DATASET EXCERPT: Begin
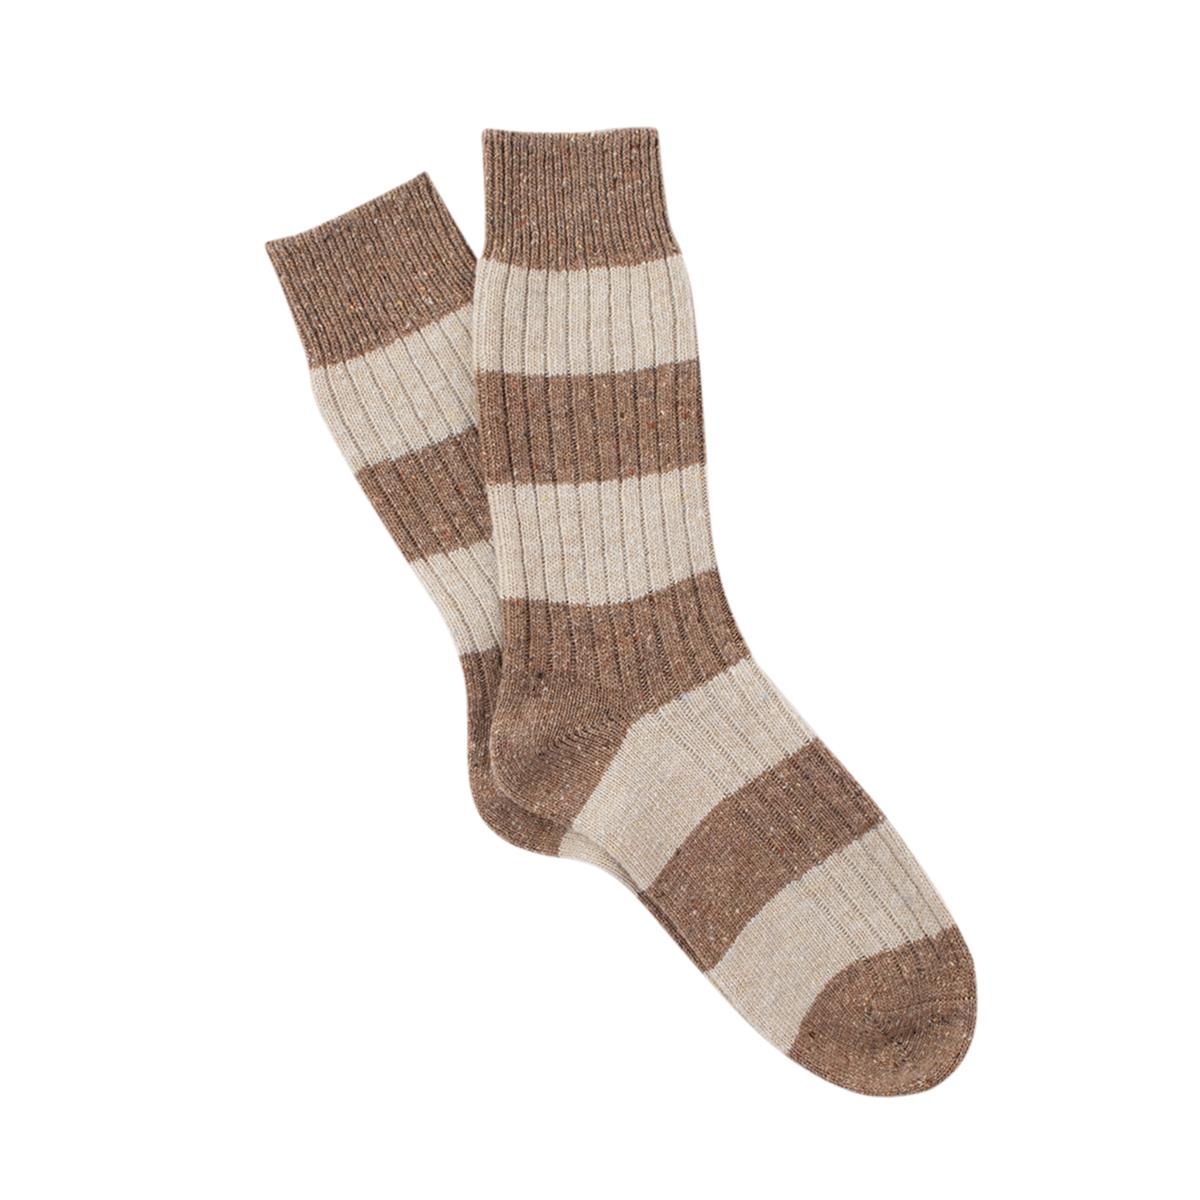 Donegal Rugby Stripe Wool Socks - Men's - Outlet
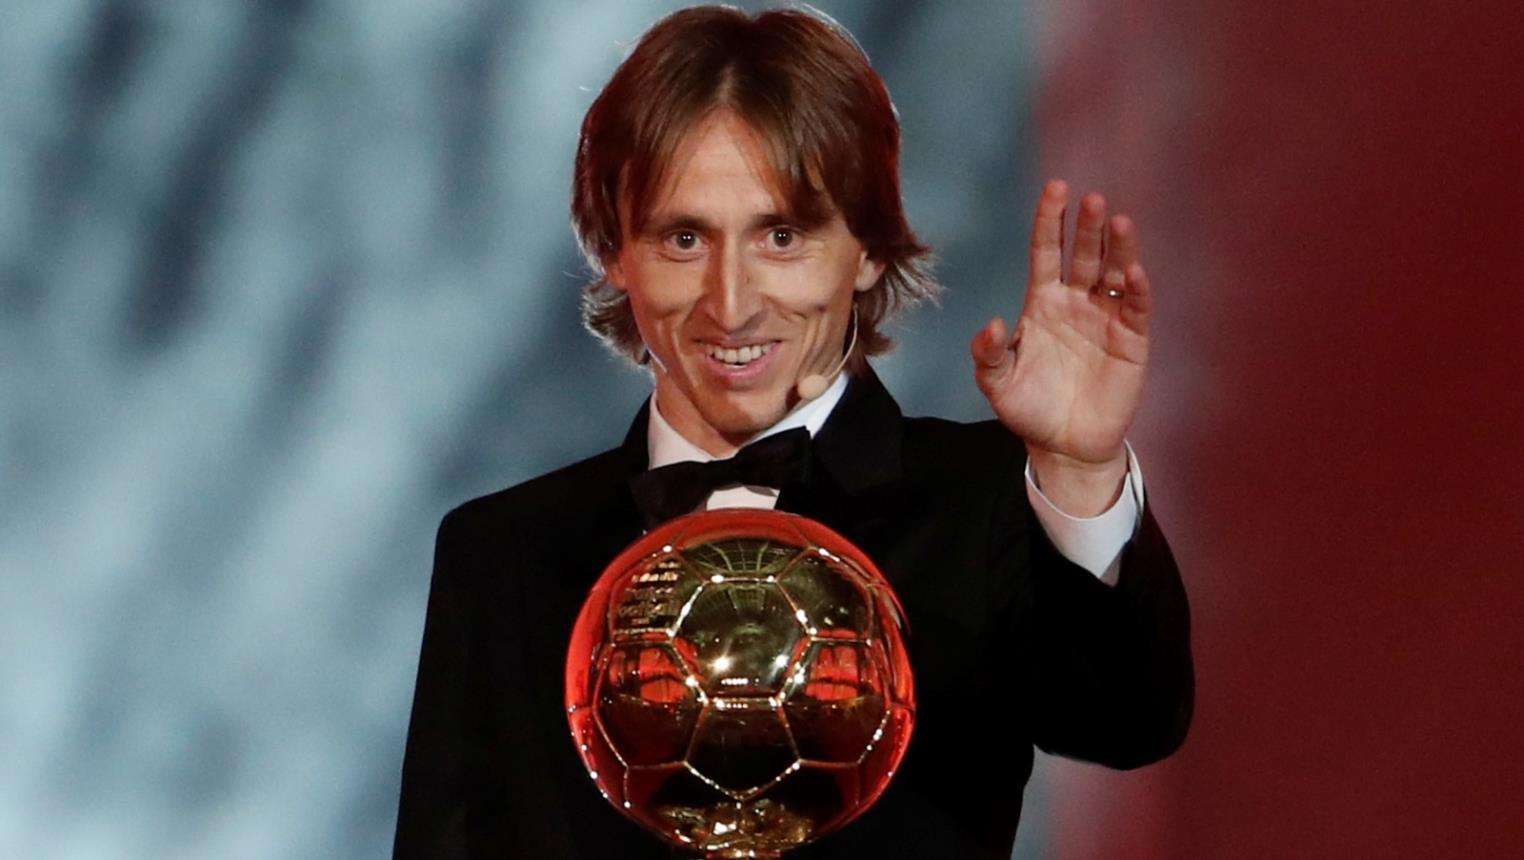 Luka Modric won 2018 Ballon d’Or
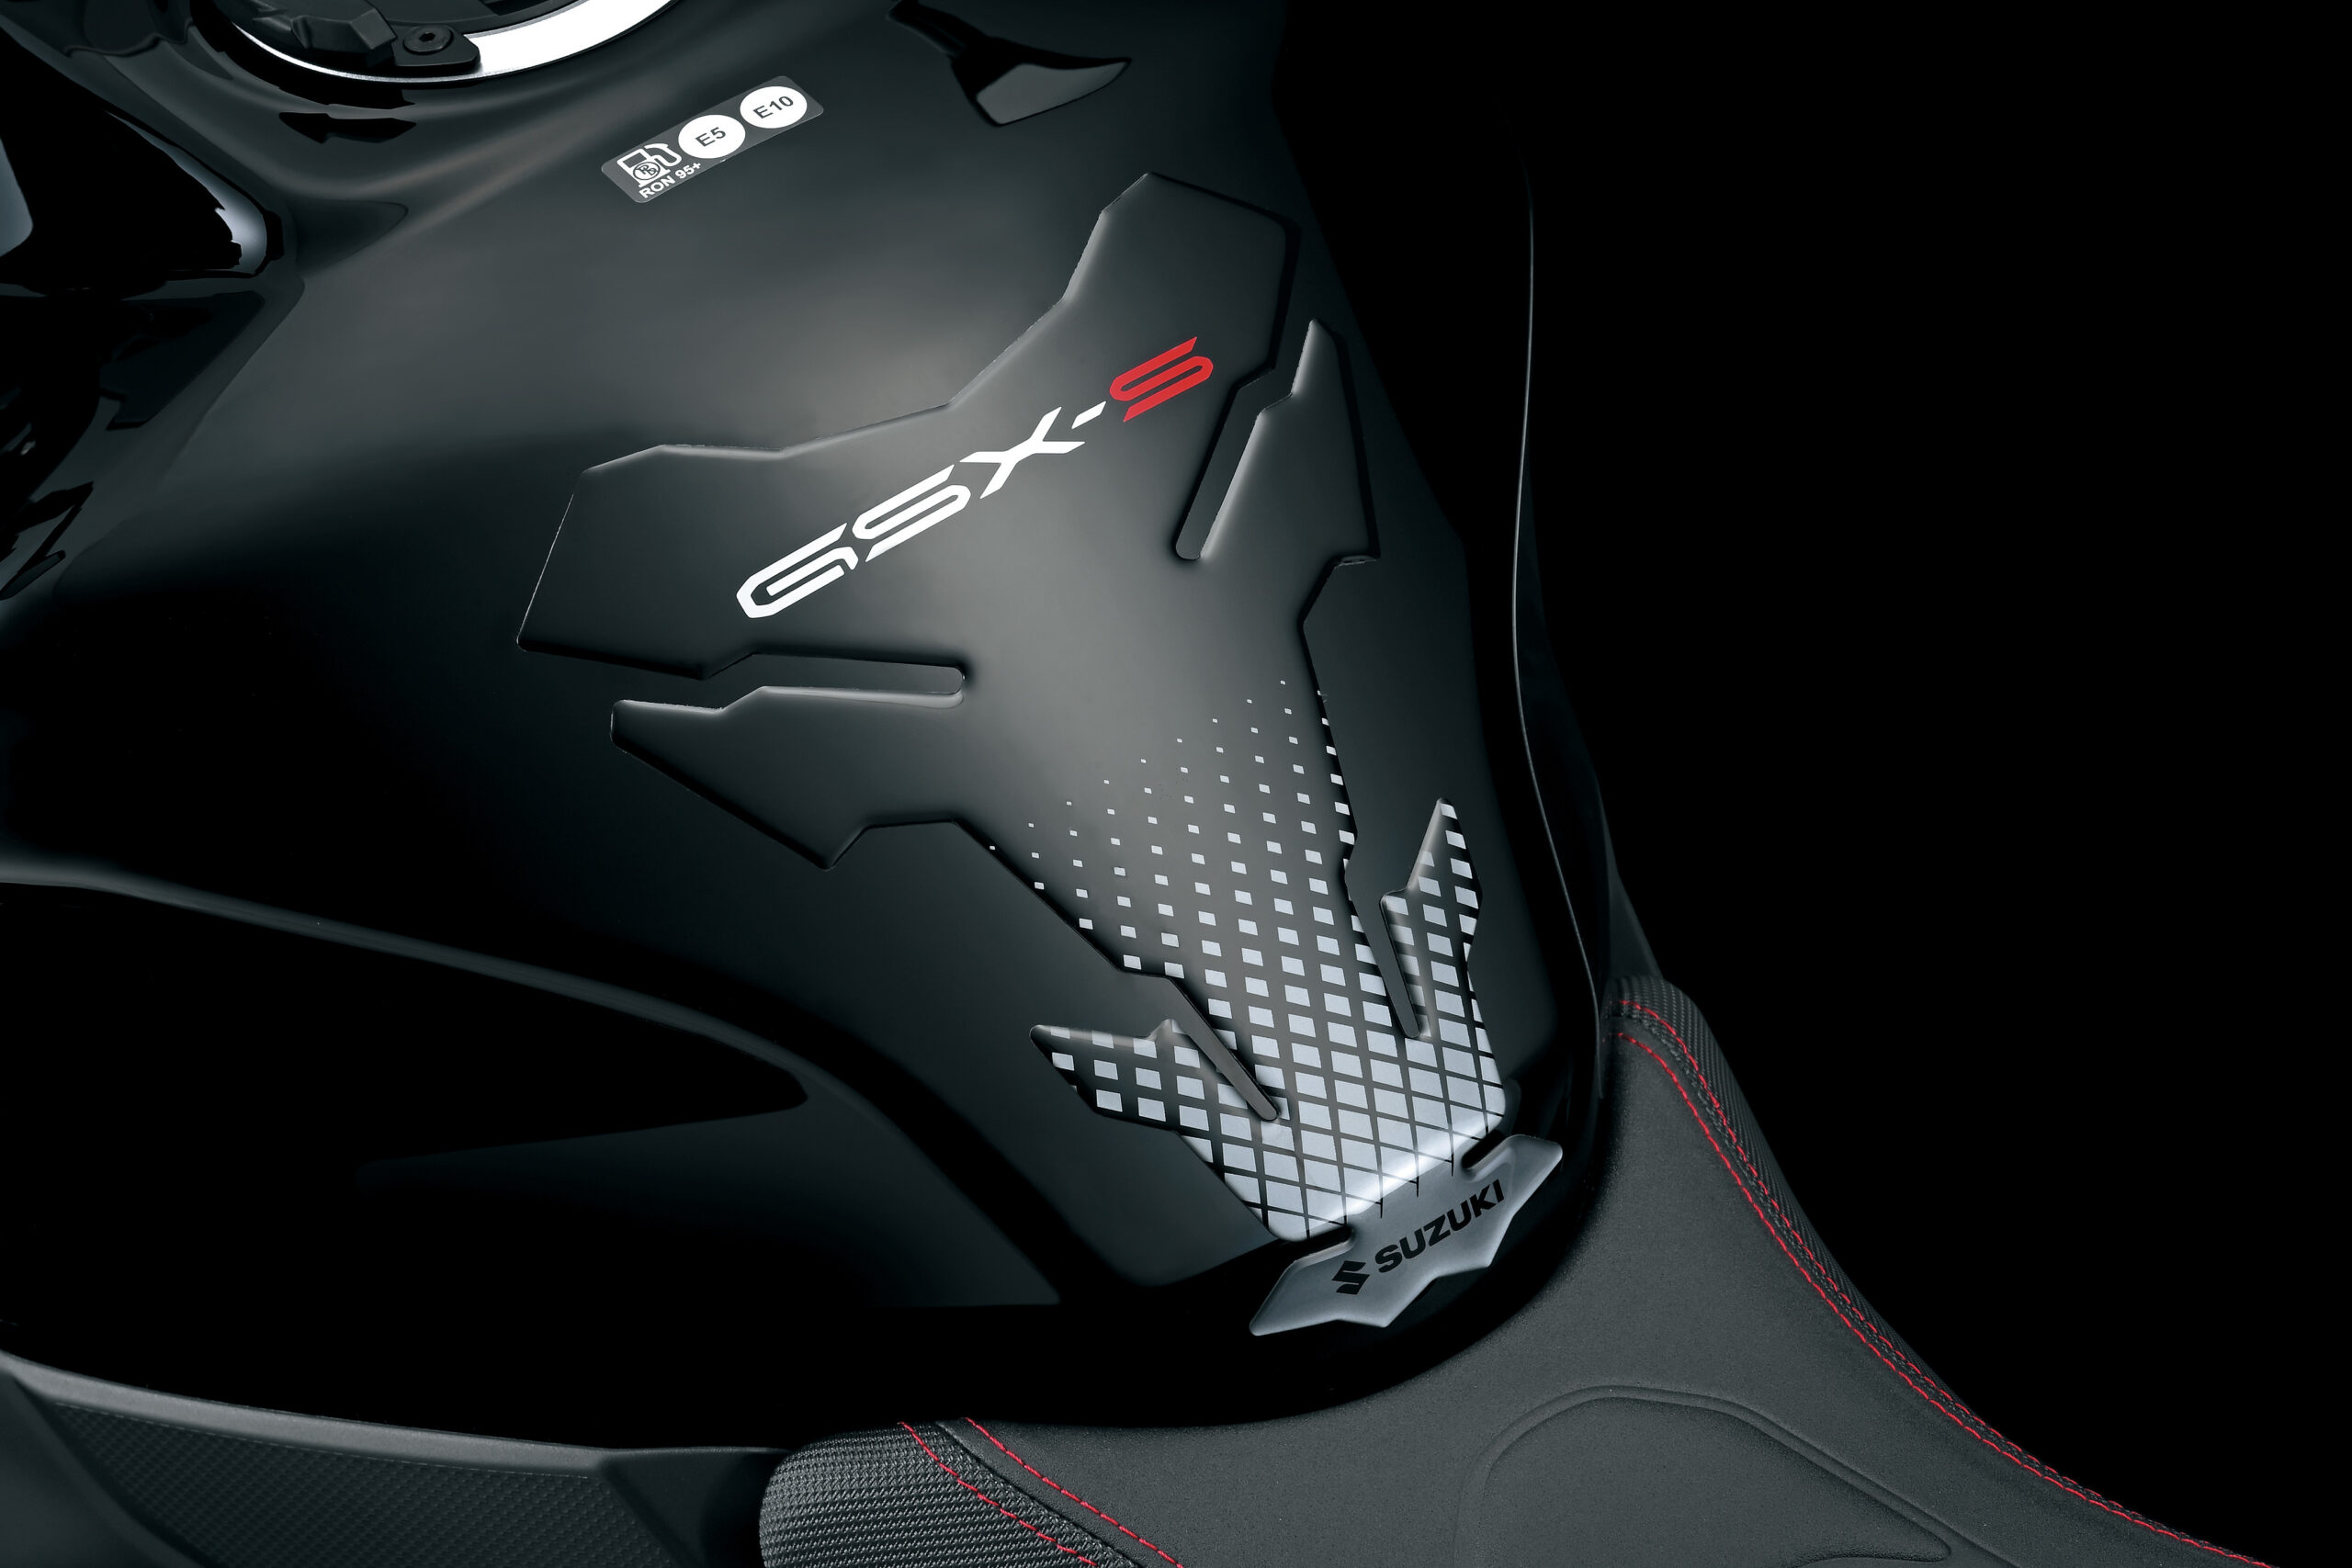 GSX SGX M accessories fuel tank pad gsx s logo black
DATASET EXCERPT: End
• [WORK ORDER]: Only the words belong in your copy: restate the data above exactly and leave the images out.

• [SOLUTION]:
 Donegal Rugby Stripe Wool Socks - Men's - Outlet
 Luka Modric won 2018 Ballon d’Or
 GSX SGX M accessories fuel tank pad gsx s logo black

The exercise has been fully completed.